ERNE - Extended Randomized Numerical alignEr

Manual

Version 1.4.4+

****** Installation ******

Briefly, the shell commands "./configure ; make ; make install" should configure, build, and install this package ("make install" must be execute by root if you do not changed the "--prefix" options when running "./configure").

The LIBBOOST library (version 1.40 or above) is required. ERNE will be compiled without debugging informations and with the highest level of optimization by default. If you want to debug the code (e.g., when required by the maintainer), add the "--enable-maintainer-mode" option to "./configure" to create "erne-*-dbg" programs.

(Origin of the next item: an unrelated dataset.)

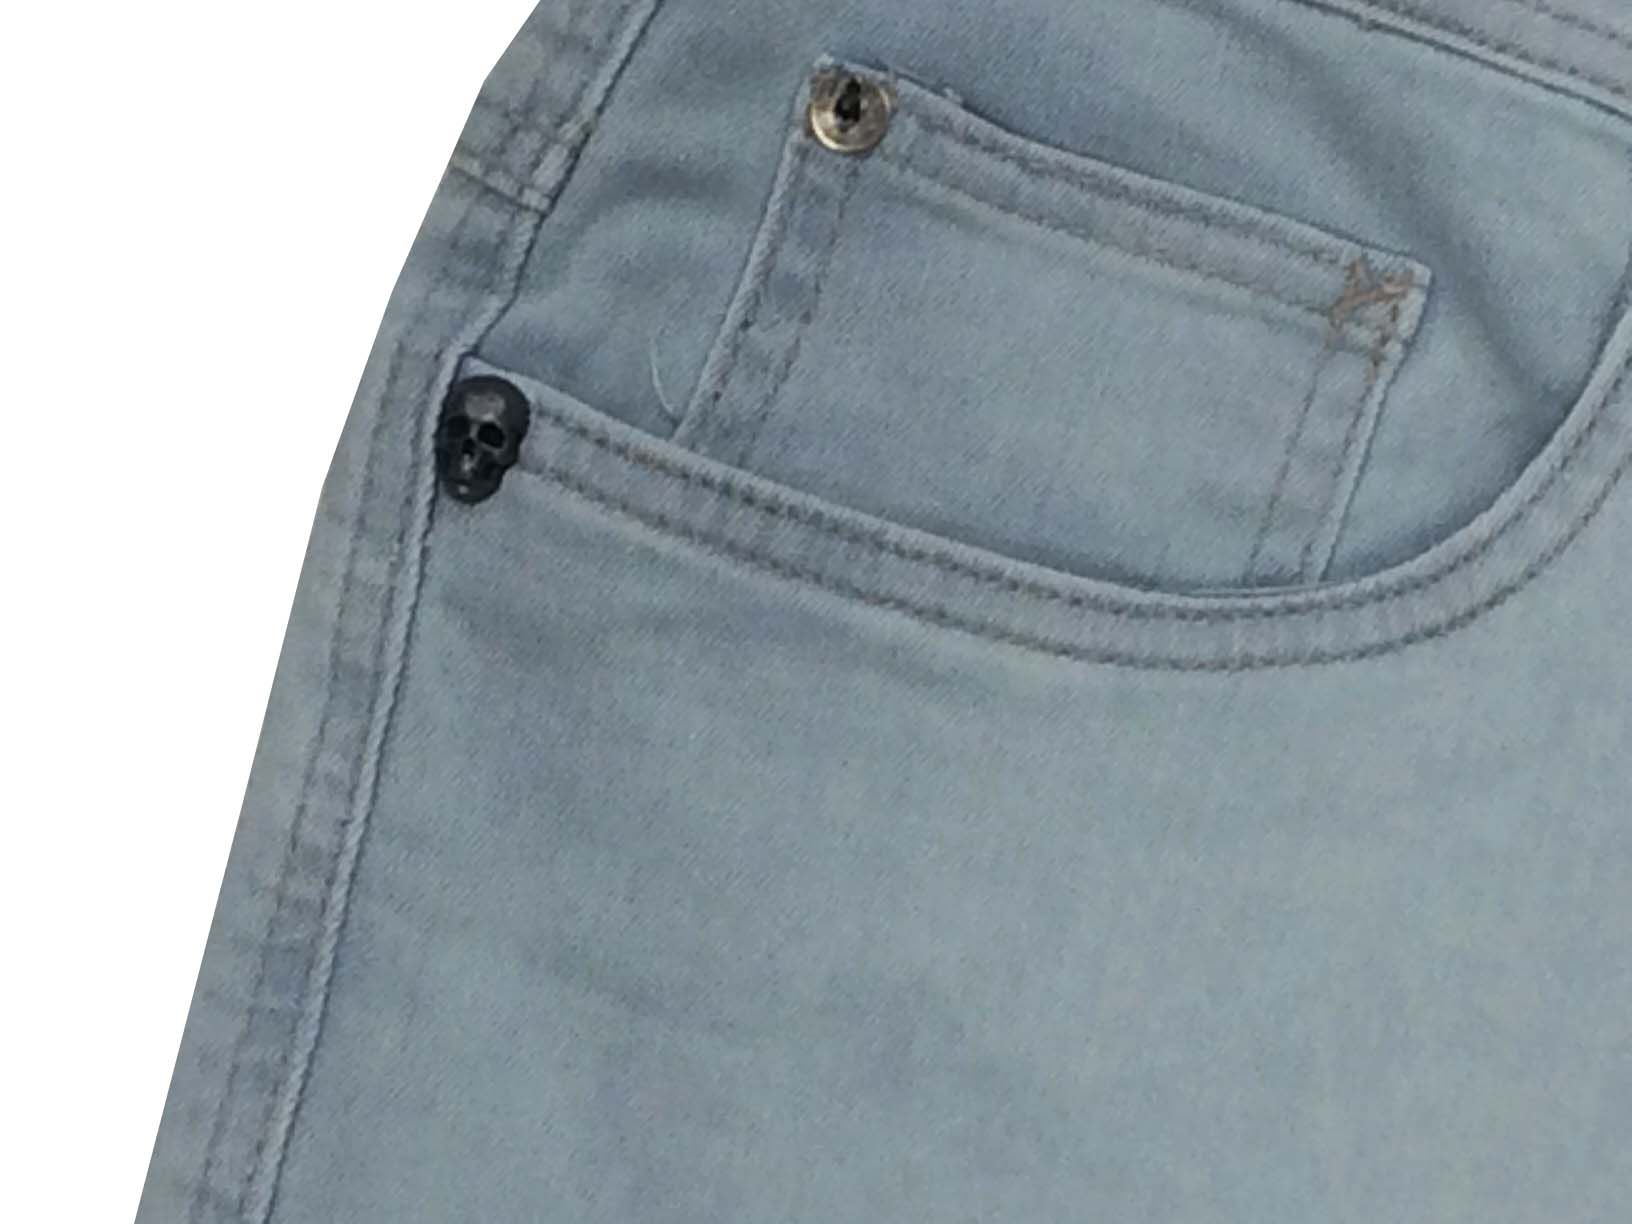 Calça Mcd Slim Sky Core 12023907 Jeans Claro Masculina

If OPEN-MPI (or MPICH2) support is available, the MPI versions (erne-pmap, erne-pbs5 and erne-pcreate) will be built if you add the "--enable-openmpi" (or "--enable-mpich") option to "./configure".

****** Reference preparation (DNA-seq and RNA-seq, not BS-seq) ******

In order to align a set of reads against a reference genome the ERNE hash table must be built. In order to build the hash table for the multi-fasta file "ref.fasta", you have to type the following command:

erne-create --reference-prefix ref --fasta ref.fasta

This command will produce the file ref.eht (eht = Erne Hash Table) that will be used later in the alignment step. The extension is automatically added.

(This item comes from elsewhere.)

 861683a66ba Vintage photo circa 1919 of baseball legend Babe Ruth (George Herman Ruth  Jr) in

****** Alignment (DNA-seq and RNA-seq, not BS-seq) *****

The alignments are performed by the erne-map program, which requires a reference file prepared as indicated in the previous section. A typical use of erne-map, for a single read set, is as follow:

erne-map --reference ref.eht --query1 sequence.txt --output out.bam

which will align the file "sequence.txt" against the reference "ref.eht" producing the out.bam output file. By default, each read will be cleaned by low quality bases at the extremities before being aligned and the maximum number of errors allowed is chosen in relation to the length of the read after the trimming (default value: 1 error every 15bp). If you do not want to perform the trimming operation, just add the --no-auto-trim parameter.

Maximum read length allowed is 600bp.

For the alignment of a paired-end read set (PE), the command would be as follows:

erne-map --reference ref.eht --query1 sequence_1.txt --query2 sequence_2.txt --output out.bam

If query files are compressed (in .gz or .bz2 format), erne-map will decompress the files on the fly. If you want to produce an output file in sam format, just add the --sam parameter and replace the "--output out.bam" option with "--output out.sam").

erne-map automatically detects if the input reads are in Illumina (1.5 - 1.7) or in Standard (Sanger) fastq format (used since Illumina 1.8). If you want to override the default behaviour, use --force-illumina or --force-standard parameters, respectively.

If you use erne-map on a multiprocessor machine with N processors, you can define the number of thread to use with --threads (e.g., "--threads 8").

As a default behavior, erne-map will allow a maximum number of errors (i.e. misaligned bases in a read) equal to 1 every 15 bp. To modify erne-map's error tolerance use "--errors-rate B" parameter , where B is the number of bp for each error (default 15). If you want to fix the maximum number of errors allowed for all the reads irrespective of their size, you can use the "--errors " parameter, where E is the number of errors.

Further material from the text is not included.